Instructions for the task: Where an image appears in the data, omit it and reproduce the rest exactly.

Dataset excerpt:
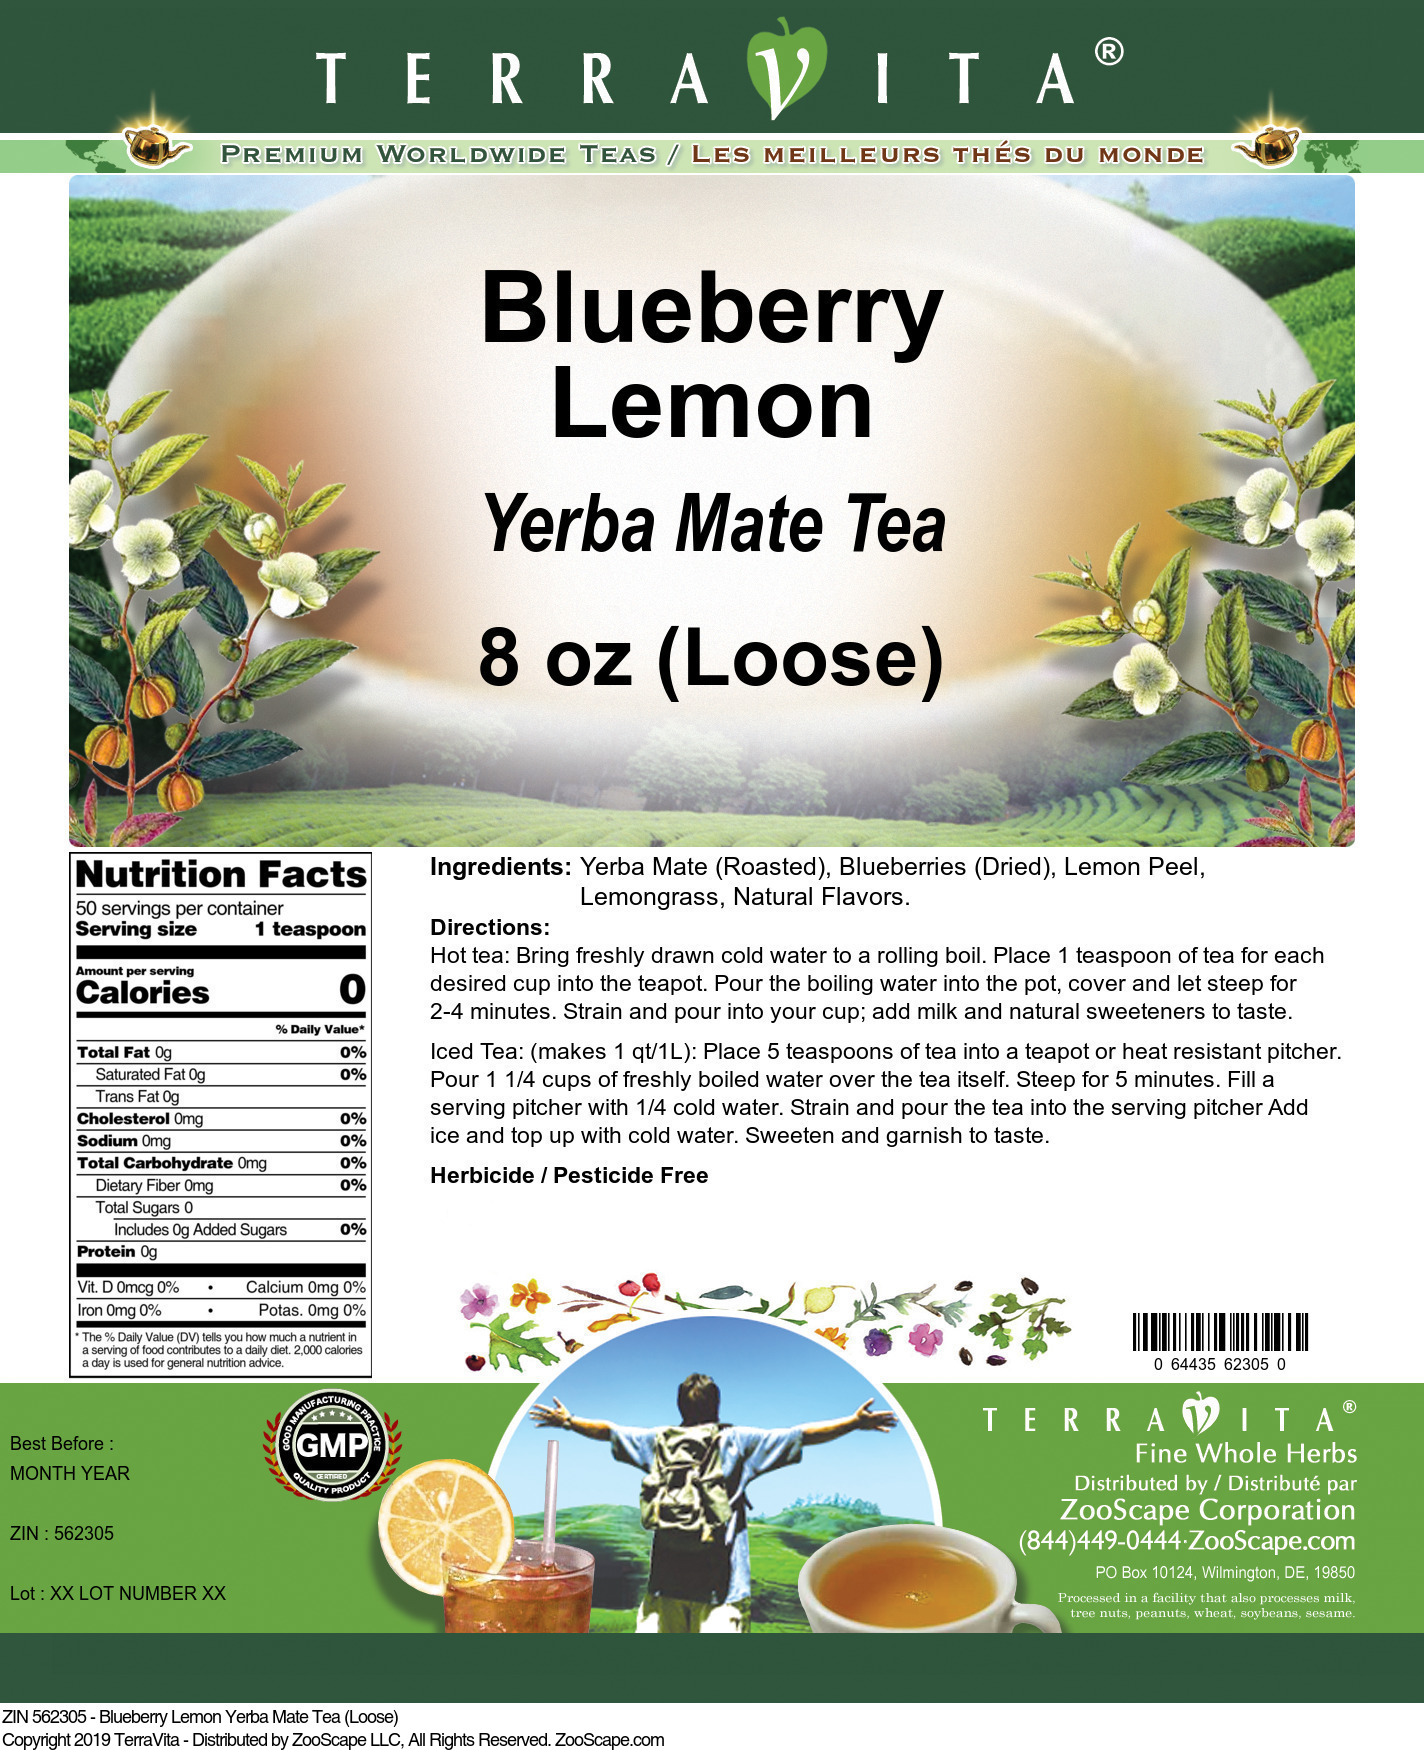 Blueberry Lemon Yerba Mate
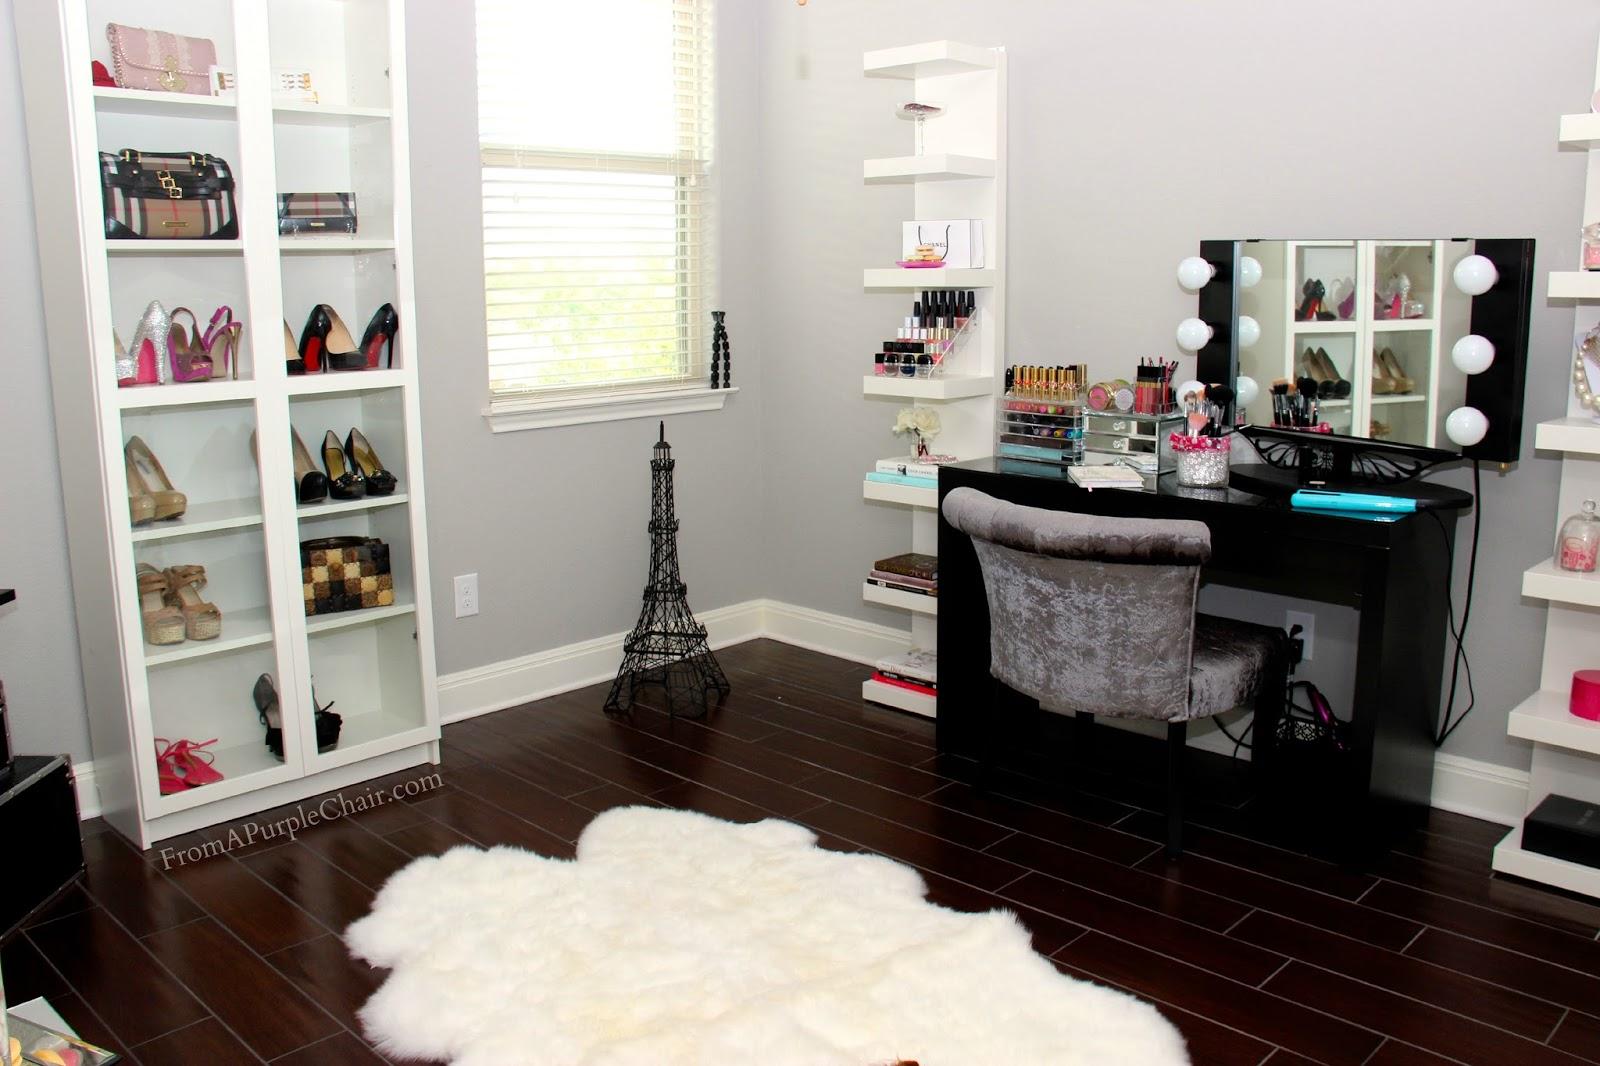 Makeup Room/Beauty Room Set Up (Before) - Miss Liz Heart on Makeup Room Design  id=98281
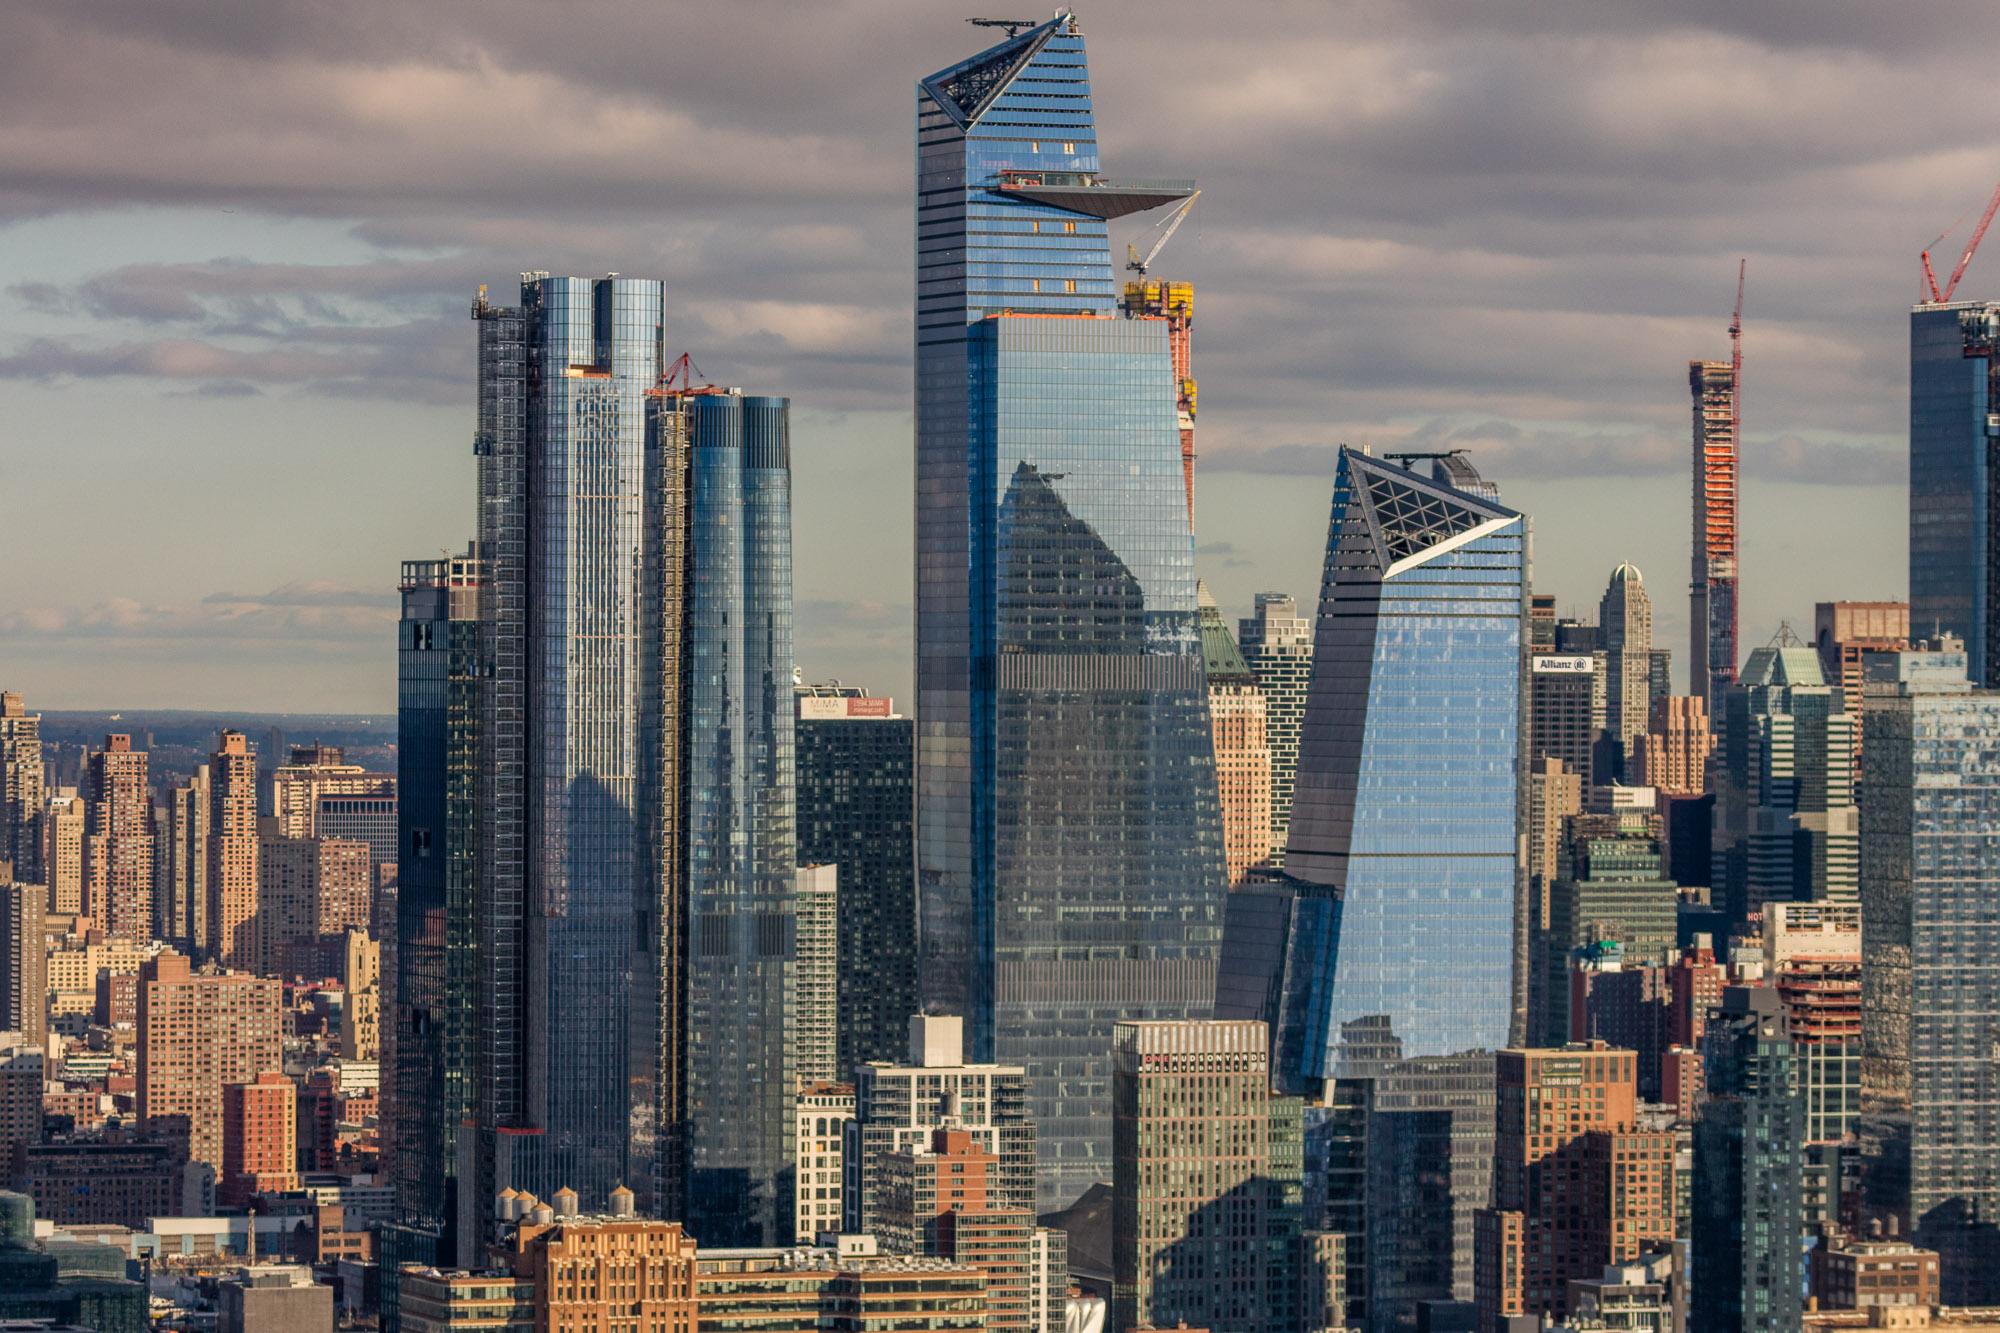 Tech firms lease major Manhattan real estate in 2019

Output:
 Blueberry Lemon Yerba Mate
 Makeup Room/Beauty Room Set Up (Before) - Miss Liz Heart on Makeup Room Design  id=98281
 Tech firms lease major Manhattan real estate in 2019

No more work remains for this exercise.